Benannte die aktuellen Prioritäten mit Blick auf Afghanistan – Kanzlerin Merkel bei ihrer Regierungserklärung im Bundestag.

Foto: Bundesregierung / Denzel

Bundeskanzlerin Merkel hat vor dem Deutschen Bundestag eine Regierungserklärung zur aktuellen Lage in Afghanistan abgegeben.

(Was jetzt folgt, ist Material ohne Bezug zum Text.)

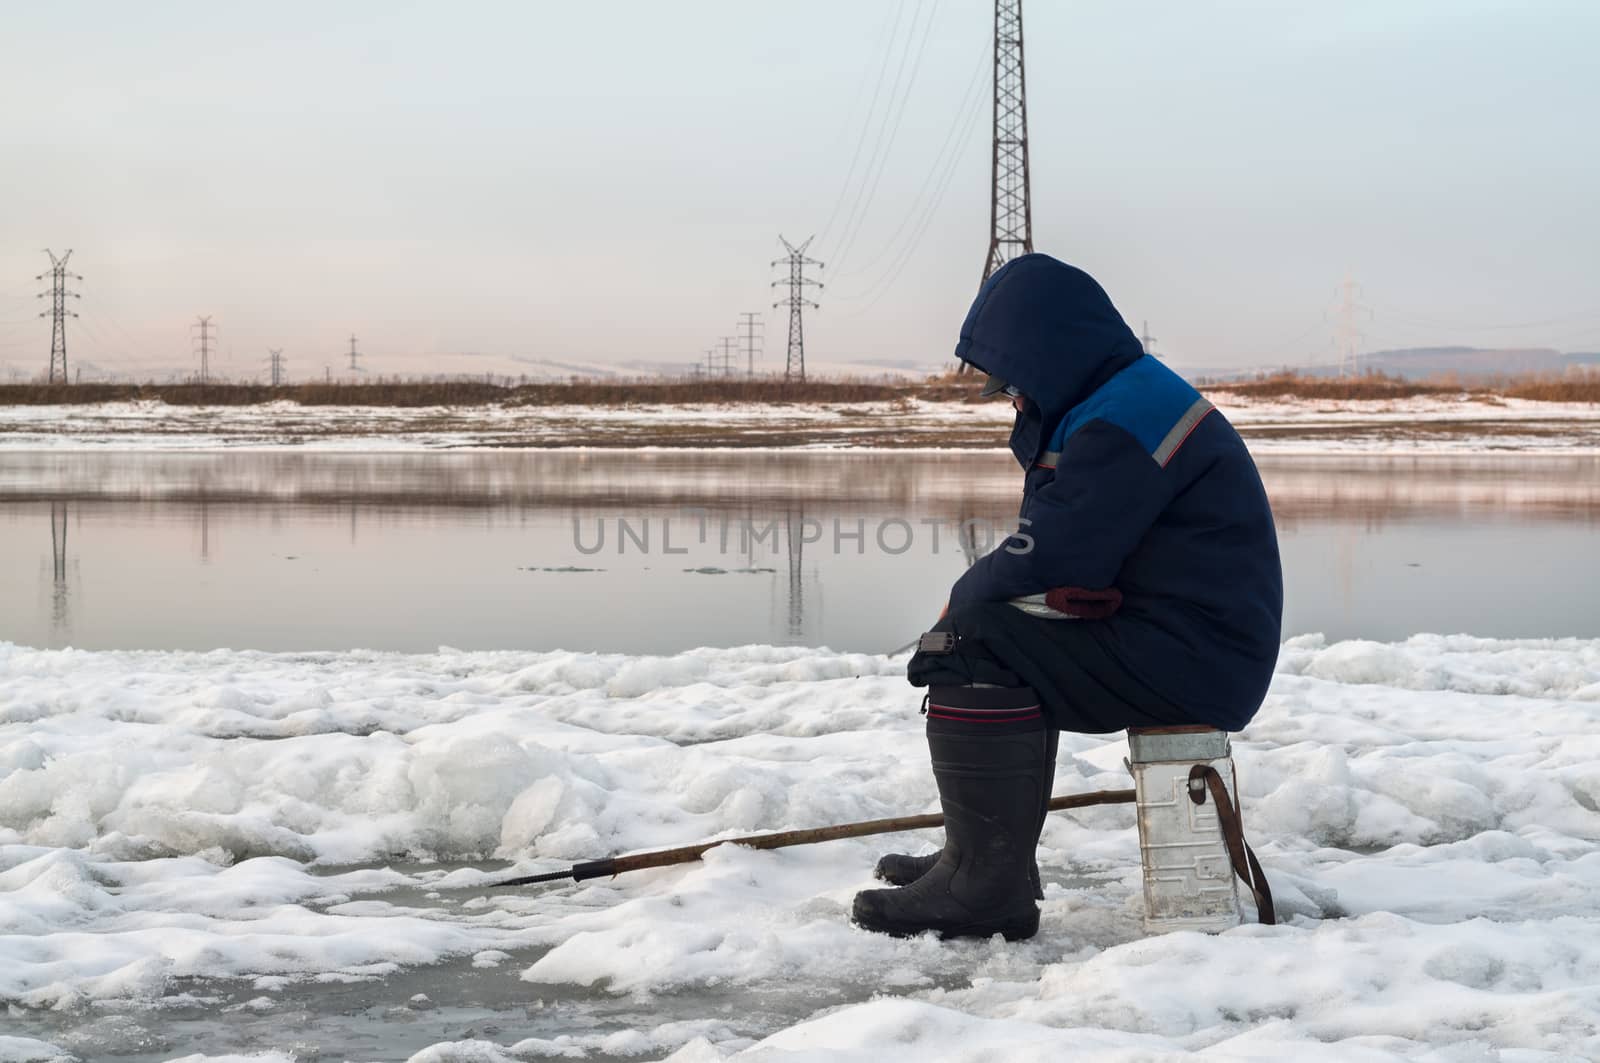 The fisherman on winter fishing fishes

Seit dem Abzug der internationalen Truppen hätten die Taliban in kürzester Zeit das ganze Land unter ihre Kontrolle gebracht – man werde Zeuge von großer Verzweiflung unzähliger Menschen und menschlichen Dramen.

Internationale Koalition hat Entwicklung unterschätzt

Ihre Gedanken seien in dieser Situation bei den 59 deutschen Soldaten, die ihr Leben im Afghanistan-Einsatz verloren haben, so Merkel. Sie denke auch an die Soldatinnen und Soldaten und Beamtinnen und Beamte, die bleibende Verletzungen an Leib und Leben davongetragen haben.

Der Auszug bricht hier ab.